Now that our data is prepped, we can inspect it.

In [None]:
head(heart_disease_data)
str(heart_disease_data)

What do you see about the data? Theres no incorrect answer. Click the button below to reveal some observations that will be important for us when we clean the data. 

The first is that many of our variables not in easily human readable format. For instance, `chest_pain` is categorized as a number from 1-4. This does not give us any immediately meaningful information.
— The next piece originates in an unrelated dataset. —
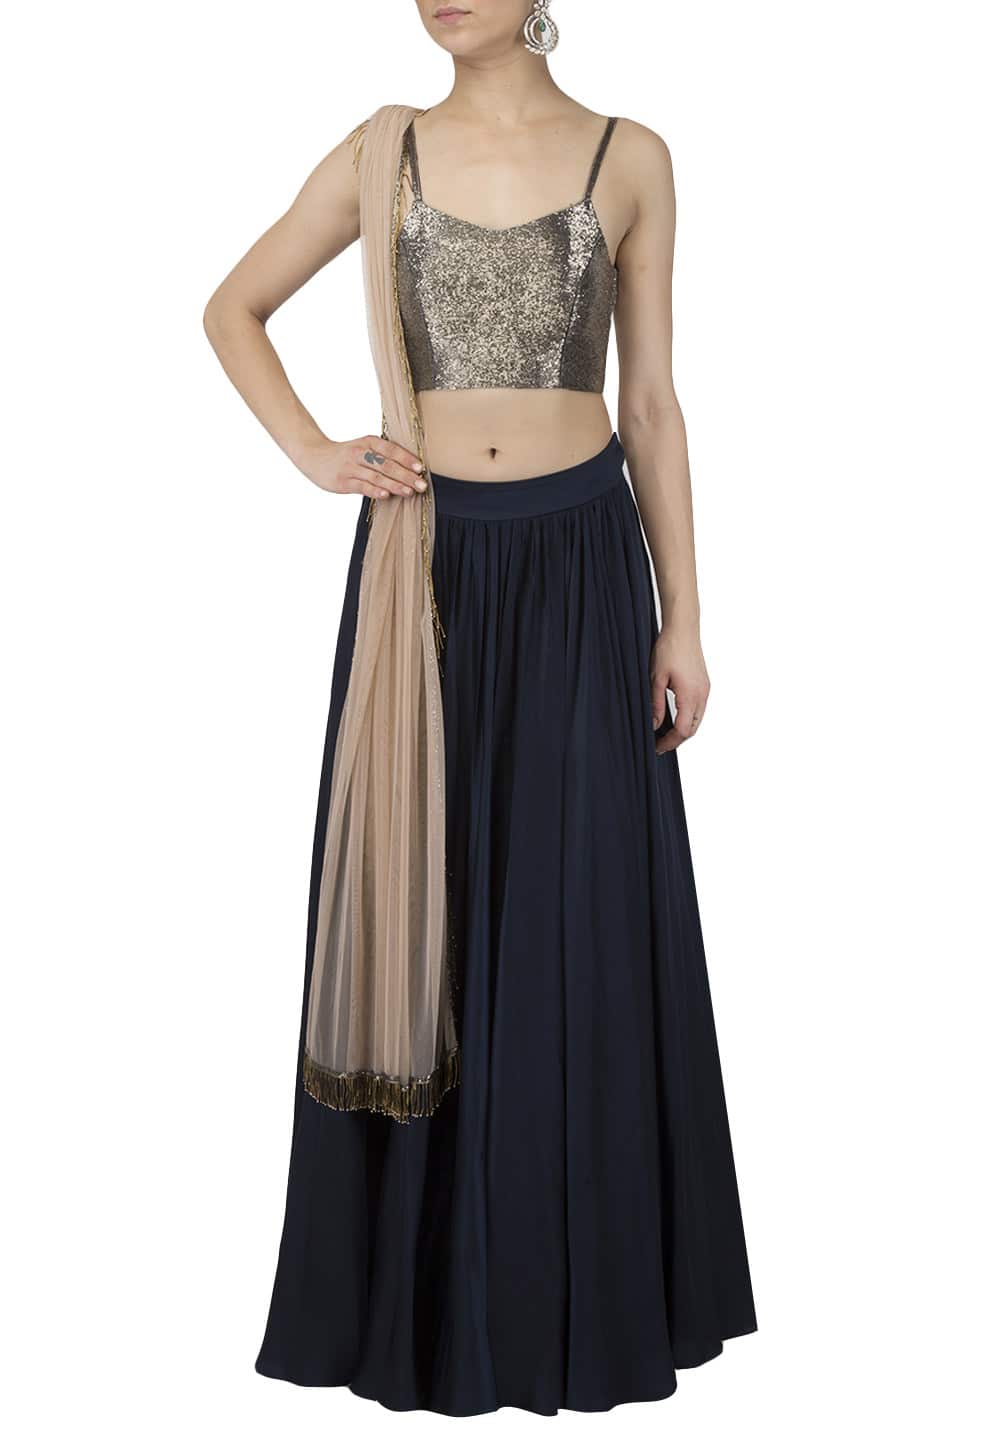 Midnight blue lehenga with silver cutdana blouse set available

We will need to recode our variables into something meaningful. 

Second many of the variables are incorrectly classified as wrong kind of variables. The second output window tells you what kind of variables each variable in our dataset is (the 3-letter phrase after the colon). Don't worry if you don't know what many of the variable types are. That will be explained further on in the case. 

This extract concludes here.